What is the technique of filtration used for? A) Separating a solid from a solid, B) separating a solid from a liquid, C) separating a gas from a liquid, D) separating two liquids with different melting points, or E) separating two liquids with different densities.

In everyday life, you might hear the word “filtration” applied most commonly to water. You might see filters that make water softer, making it taste better and making it cleaner. While still a demonstration of the principle of filtration, what we’re actually looking for in this question is the laboratory technique that looks more like this, where we use a filter funnel and perhaps an Erlenmeyer or conical flask.

Filtration is one of the many options in the lab to help purify chemicals. In this setup, you might take a piece of filter paper and turn it into a cone and put it inside the filter funnel. The filter paper doesn’t stop liquid going through. But the filter paper will act as a barrier for any large particles suspended in the liquid. So filtration in the lab is a technique we use to separate solids from liquids. Sometimes the solids what’s important. So we’ll hold on to that and get rid of the liquid. Sometimes, it’s the other way round, and sometimes we want both. Whatever the reason, the technique of filtration is used for separating a solid from a liquid.

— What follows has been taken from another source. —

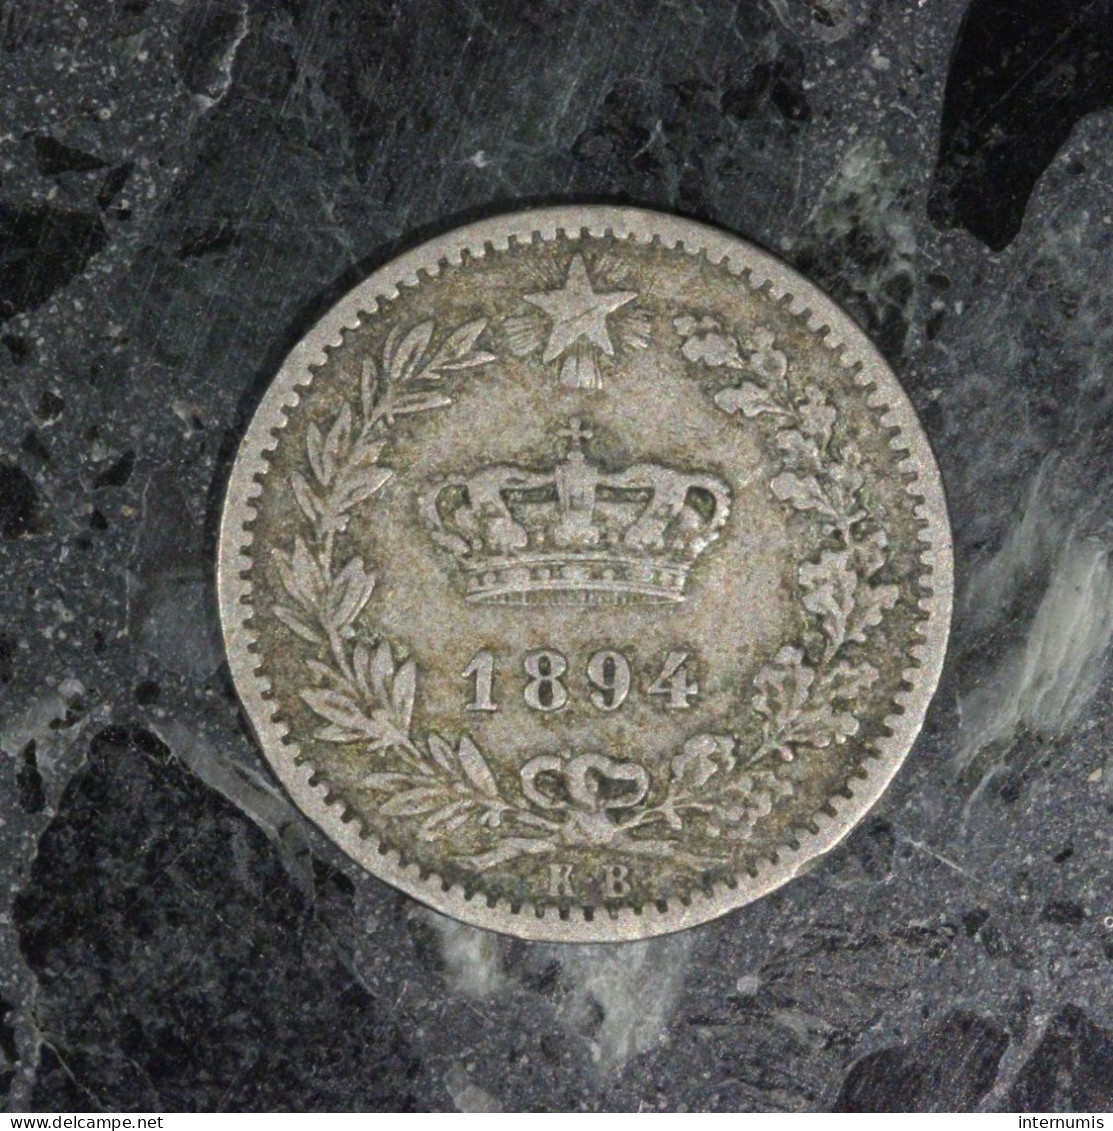  Italie / Italy, Umberto I, 20 Centesimi, 1894, Berlin, Cu-N (Copper-Nickel), TTB (EF),
KM#28.1 - 1878-1900 : Umberto I.

Separating a solid from a solid can actually be quite difficult. And there are a range of techniques depending on the material. For instance, a mixture of iron filings and sulphur can be separated using a magnet. The magnet pulls away the iron filings, leaving the sulphur behind. But there are other techniques, like sieving that help to separate solids based on their size. Meanwhile, separating a gas from a liquid is actually not very common. But if you take a liquid close to its boiling point, you’re going to free a lot of any dissolved gas.

Separating two liquids with different melting points is also not very common. Processes like distillation rely on a difference in boiling point. And that allows one liquid to be turned into a vapor and condensed elsewhere. If two liquids have very different melting points, you might be able to freeze one and keep the other as a liquid and pour it off. But generally, if two liquids mix well, having different melting points isn’t going to help you separate them very much.

Then last, we have separating two liquids with different densities. This can be quite easy if, for instance, the liquids don’t mix, like oil and water. We can simply pour off the top layer, leaving the denser layer behind. But if the liquids mixed together, we can have a much more difficult separation. It is possible to use a centrifuge to separate denser materials from less-dense materials. For instance, centrifuges are used to separate components of blood. However, you need reasonably large differences in density for centrifugation to be effective. And you need liquids that won’t simply mix together once the centrifuge stops spinning.

However, the question was about the technique of filtration and which description best applies. And that is separating a solid from a liquid.